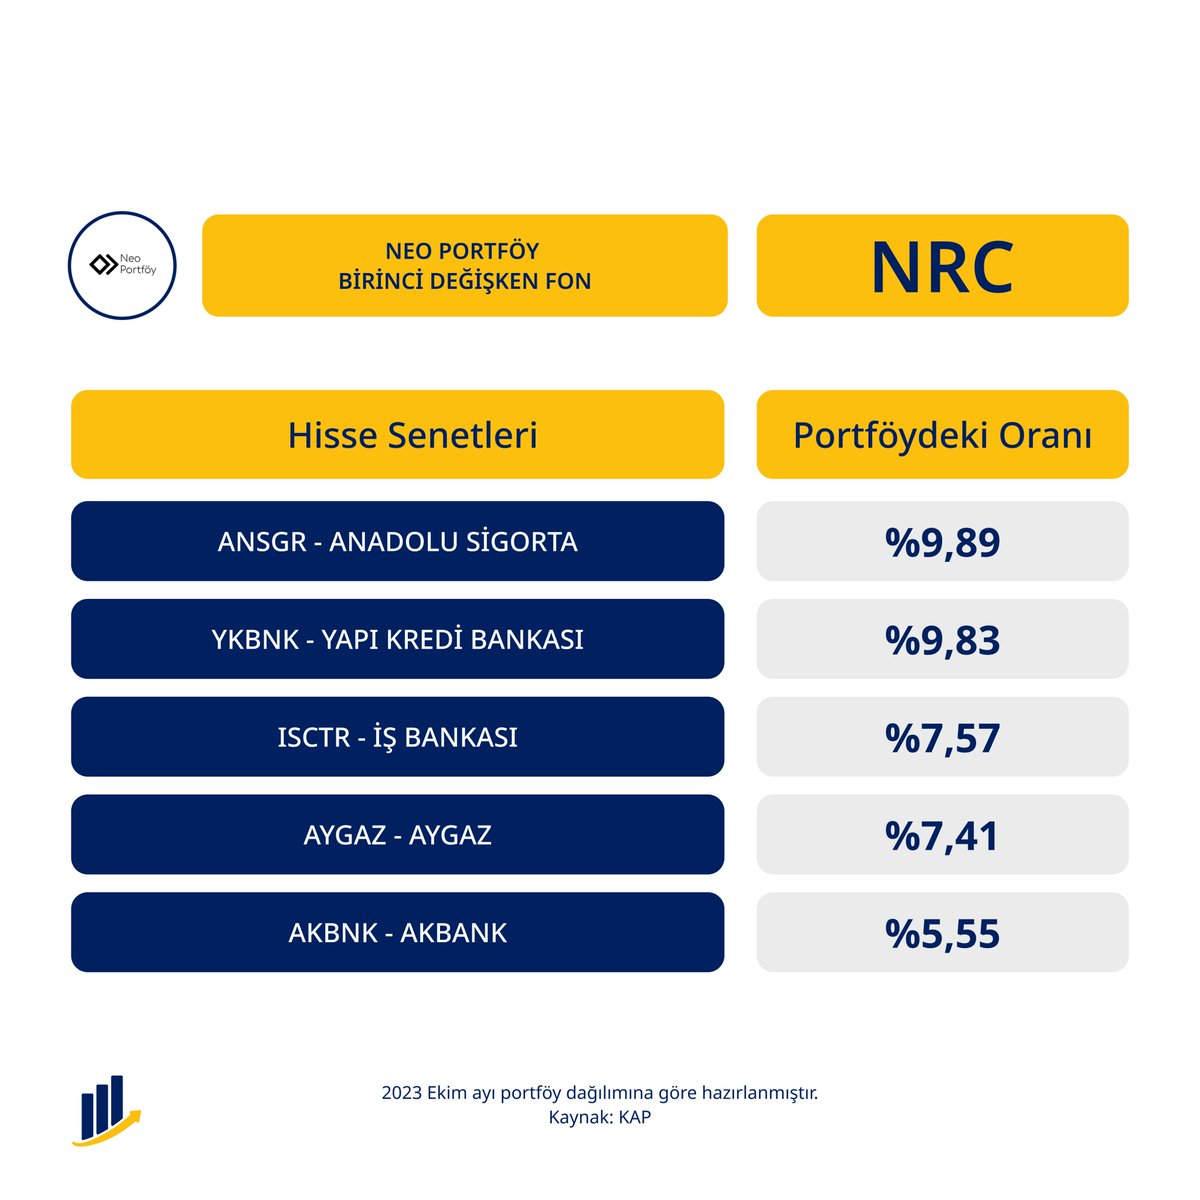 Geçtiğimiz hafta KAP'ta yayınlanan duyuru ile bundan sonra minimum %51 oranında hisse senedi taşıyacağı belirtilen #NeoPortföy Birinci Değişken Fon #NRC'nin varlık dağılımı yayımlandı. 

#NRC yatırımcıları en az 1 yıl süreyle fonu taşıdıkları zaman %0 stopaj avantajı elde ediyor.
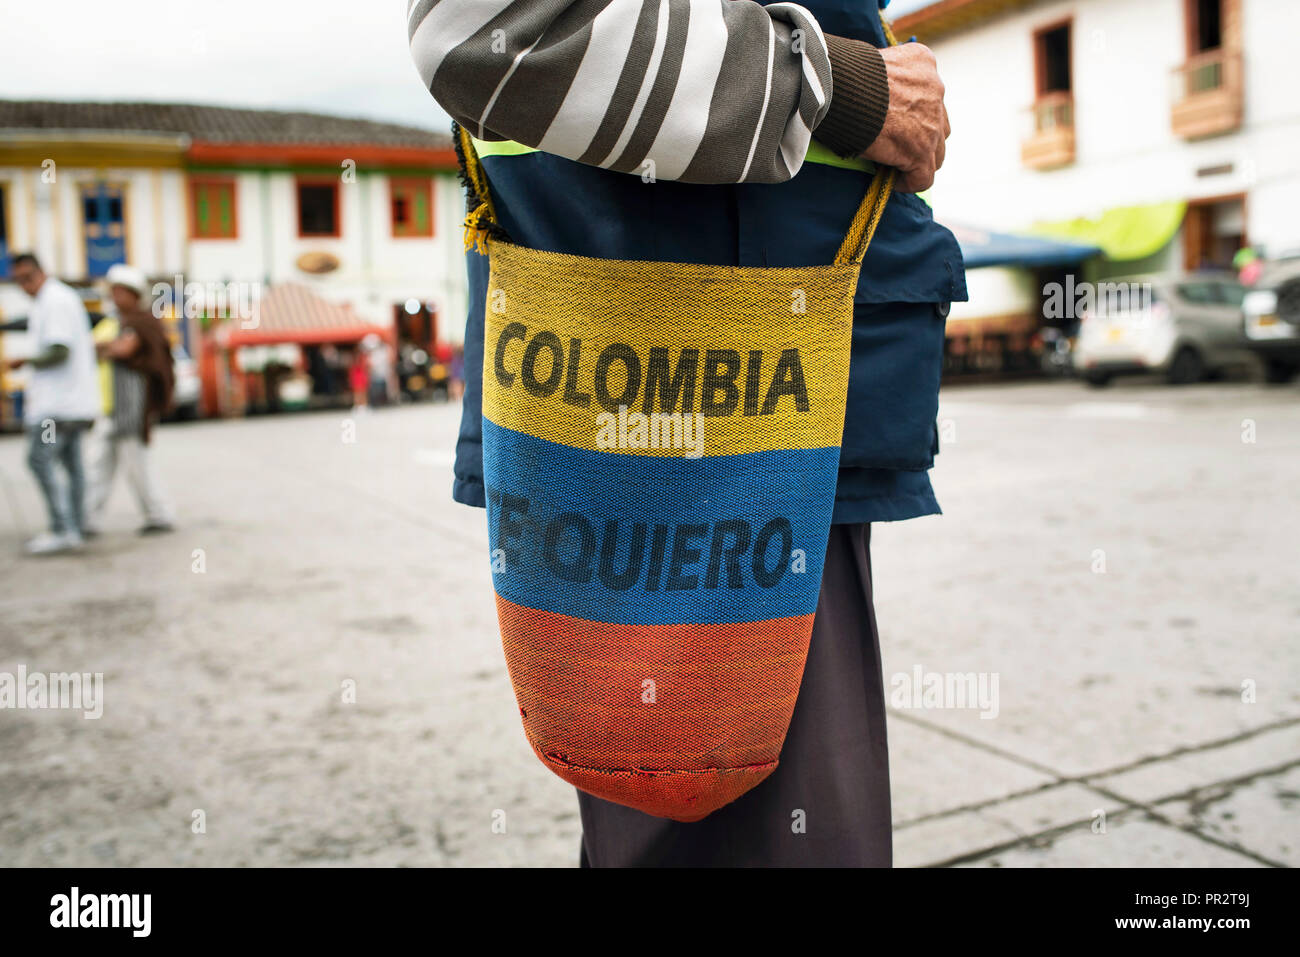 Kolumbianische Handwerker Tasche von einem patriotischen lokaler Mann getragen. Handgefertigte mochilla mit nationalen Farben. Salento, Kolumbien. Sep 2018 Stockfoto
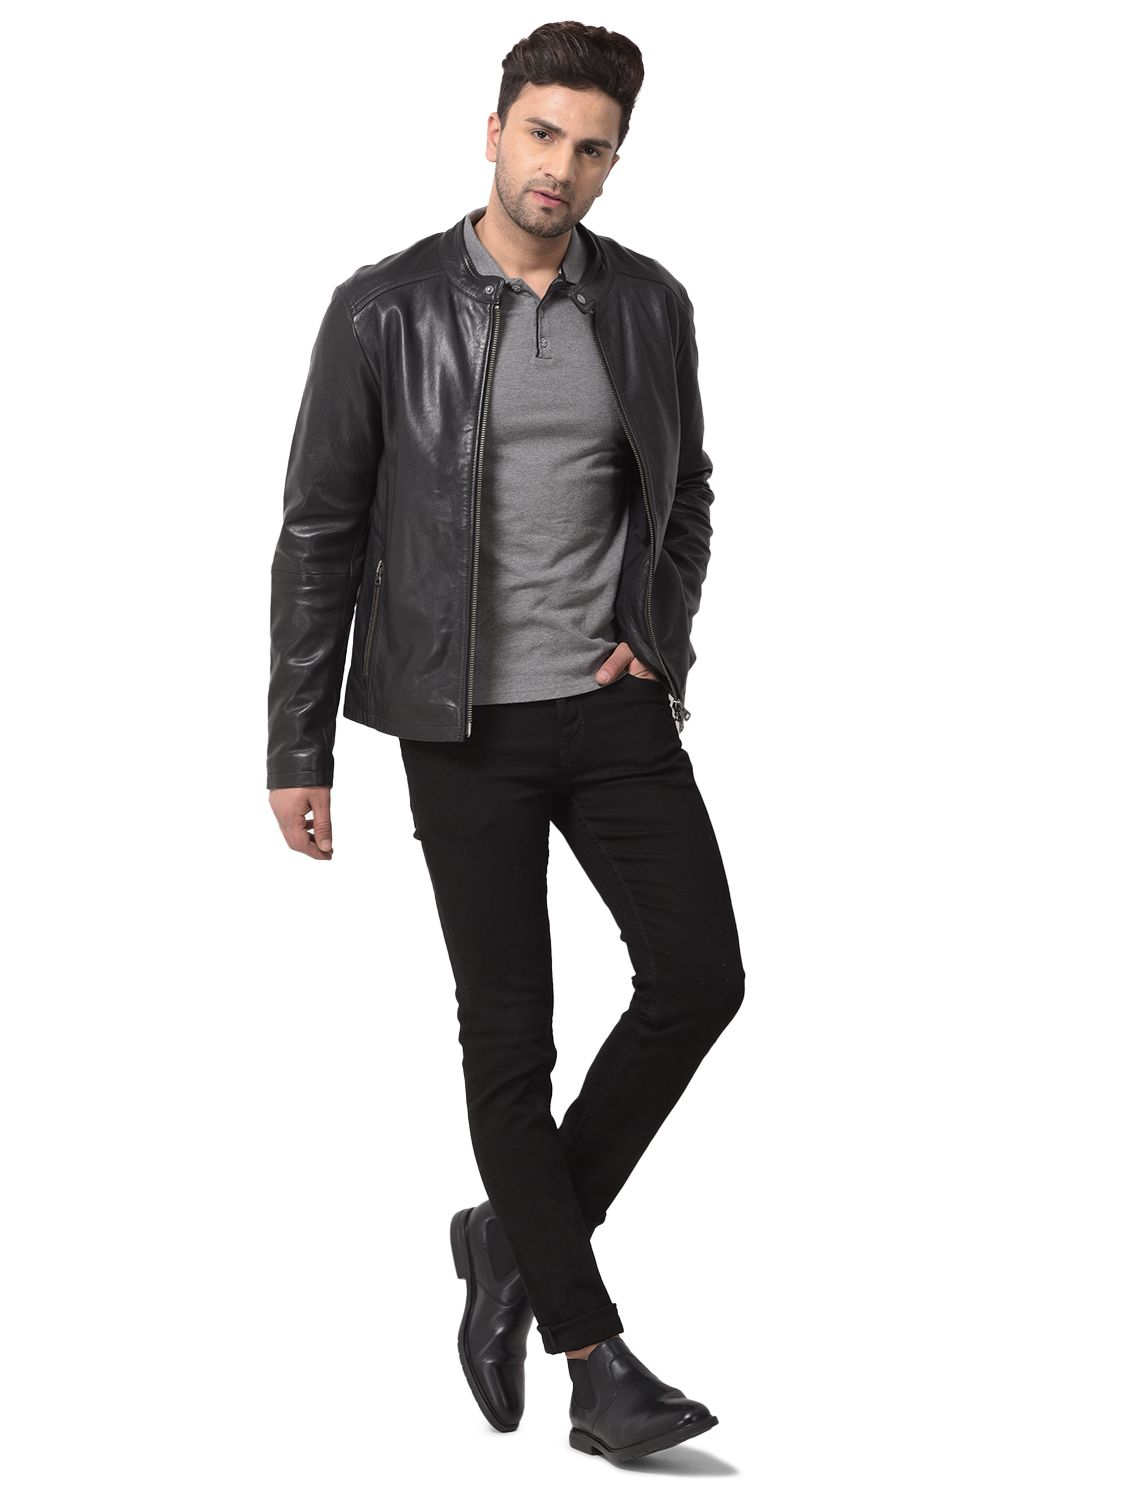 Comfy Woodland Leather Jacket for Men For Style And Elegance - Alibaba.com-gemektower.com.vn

*****

== Task prompt ==
Copy the full listing above exactly, apart from the pictures.

== Response area ==
 Geçtiğimiz hafta KAP'ta yayınlanan duyuru ile bundan sonra minimum %51 oranında hisse senedi taşıyacağı belirtilen #NeoPortföy Birinci Değişken Fon #NRC'nin varlık dağılımı yayımlandı. 

#NRC yatırımcıları en az 1 yıl süreyle fonu taşıdıkları zaman %0 stopaj avantajı elde ediyor.
 Kolumbianische Handwerker Tasche von einem patriotischen lokaler Mann getragen. Handgefertigte mochilla mit nationalen Farben. Salento, Kolumbien. Sep 2018 Stockfoto
 Comfy Woodland Leather Jacket for Men For Style And Elegance - Alibaba.com-gemektower.com.vn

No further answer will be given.